In THE GOOD TRAITOR, Ryan Quinn brings back Kera Mersal, the CIA analyst-turned-operative who uncovers a scandal within the agency and is then accused of treason. Her mission is now to unfold a geopolitical conspiracy while trying to clear her name after the events of the previous novel. Described by the author as a combination of Jason Bourne, Edward Snowden and Carrie Mathison from the TV series Homeland, Kera’s first appearance was in End of Secrets, a finalist for the 2013 International Book Awards.
Born in Alaska, Quinn worked in the publishing business in Manhattan for five years, during which he wrote The Fall, a college coming-of-age story that he published at his own expenses. The sales were so good he was soon contacted by an editor at Lake Union, an imprint of Amazon Publishing, who was interested in publishing the novel.
Quinn’s first literary attempts remain in his drawer. “I think first novels are incredibly valuable to writers, and best kept away from readers,” says the author. “It takes a full novel or two to begin to learn your own strengths and weaknesses and how to deploy them over a four-hundred-page project.”
The world of international espionage couldn’t be further from Quinn’s daily life, so half of his work is dedicated to research. He believes this is the best period in history for writers who want to tackle subjects that are away from their own personal reality, since information is widely available.
“If writers wrote only about events they had directly experienced in their own lives, most books would be excruciatingly tedious,” he says. “To create a richly imagined world, a writer must write about plenty of things he’s only imagined. Bridging the gap between what we’re fascinated by and what we have direct knowledge of is what fiction is all about.”
Grounding his novels in reality is crucial, but more important to Quinn are the characters and the story. Thankfully, as he found out during the research project for End of Secrets and THE GOOD TRAITOR, there’s no need to go into science fiction territory to make his writing technically impressive. “I was repeatedly surprised to learn what our intelligence agencies and data-mining companies are already capable of,” he says. “It’s both fascinating and terrifying. The stakes for our privacy and security are already alarmingly high; sticking closely to reality when depicting that in fiction sharpens that very real, built-in tension.”

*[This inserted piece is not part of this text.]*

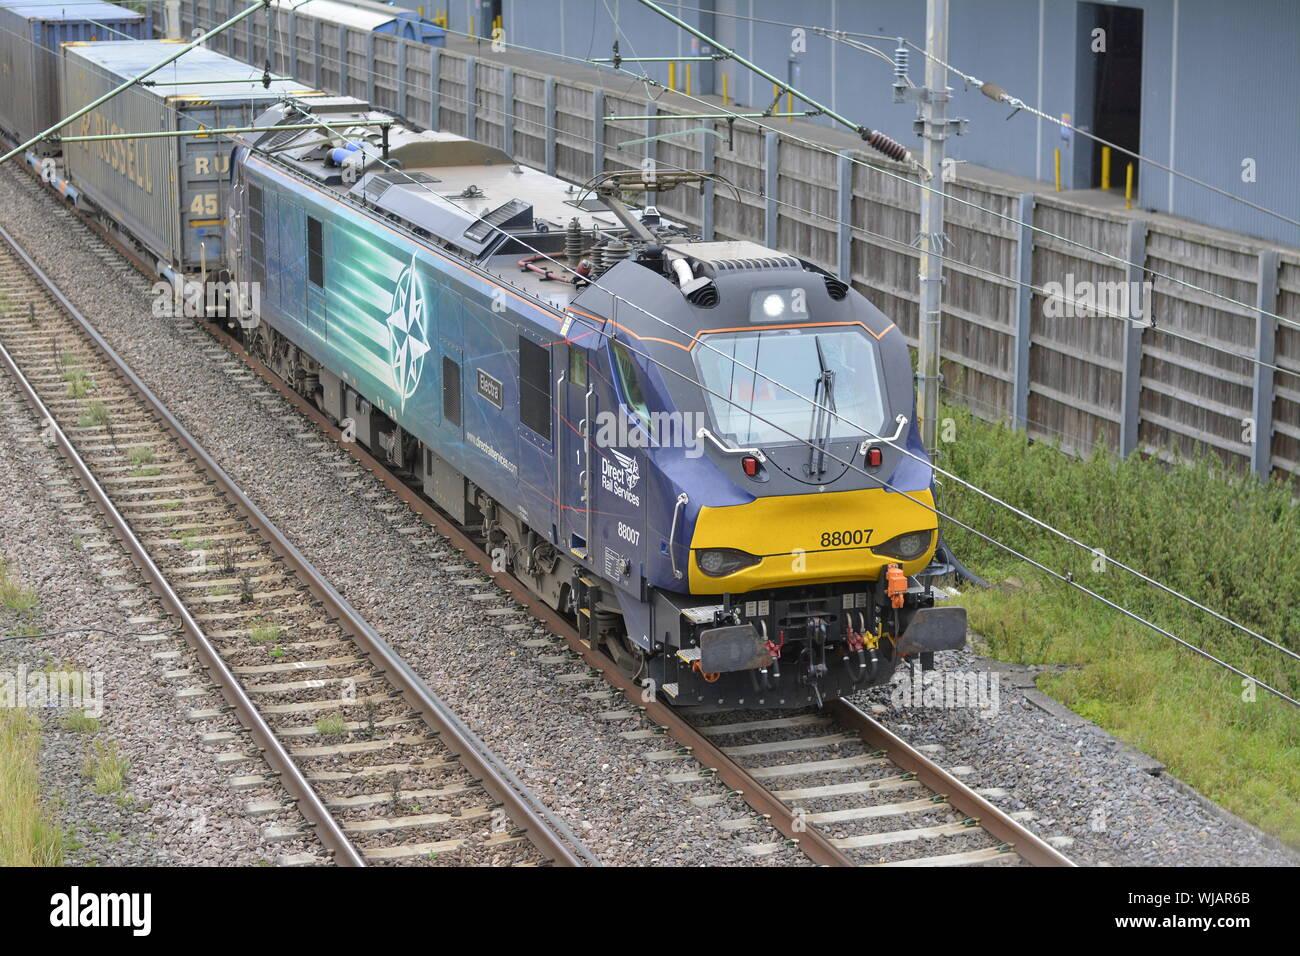 DRS Class 88 bimode locomotive 88007 Electra approaches Daventry International Rail Freight Terminal with an intermodal freight train Stock Photo
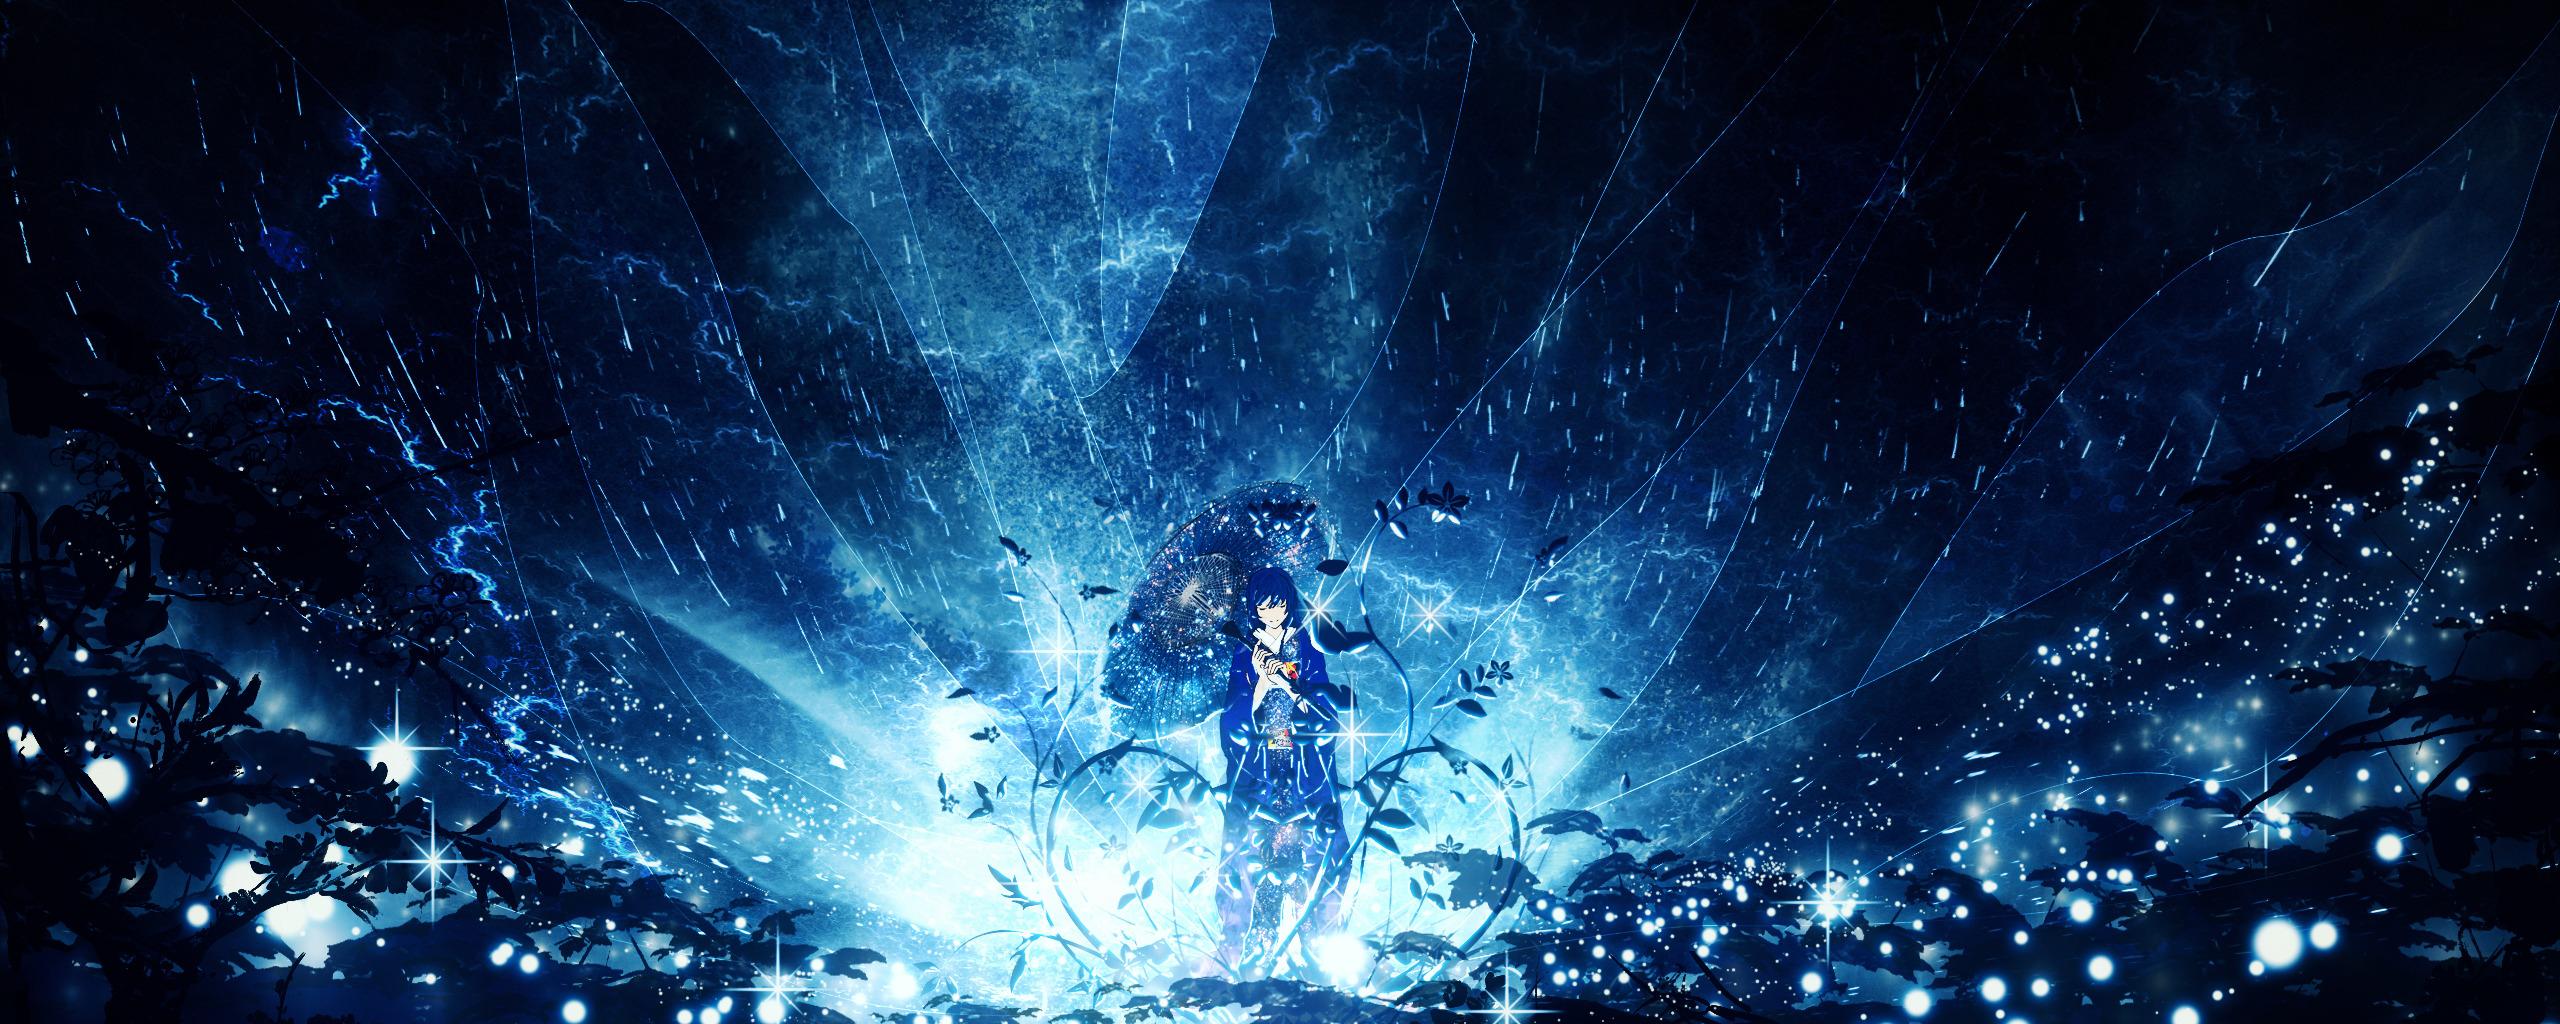 anime girl, outdoor, night, original, 2560x1024 wallpaper

And it is for the sake of realism and character development that Quinn’s novels feature what some readers have called “gratuitous profanity and sexuality”. But since these are normal aspects of the life of real human beings, he sees no point in toning them down in his characters. “Almost every single character—just like every single person in real life—has some significant relationship with sex and sexuality,” Quinn states. “And if they don’t, then that is itself a very unique and revealing fact.”
This “excess” doesn’t seem to bother his editors the least bit. Quinn’s novels are now being published by Thomas & Mercer, the thriller imprint of Amazon Publishing. He now lives in Los Angeles, where he writes and trains for marathons. Quinn is getting lots of praise from the fans of the genre for THE GOOD TRAITOR. All those hours of research seem to have paid off. “My favorite reviews are where a reader says the book made them think, where they say they’ll never be able to view privacy or the media or the intelligence community in the same way again.”
A native of Alaska, Ryan Quinn was an NCAA champion and an all-American athlete in skiing while at the University of Utah. He worked for five years in New York’s book-publishing industry before moving to Los Angeles, where he writes and trains for marathons. Quinn’s first novel, The Fall, was an award-winning finalist for the 2013 International Book Awards.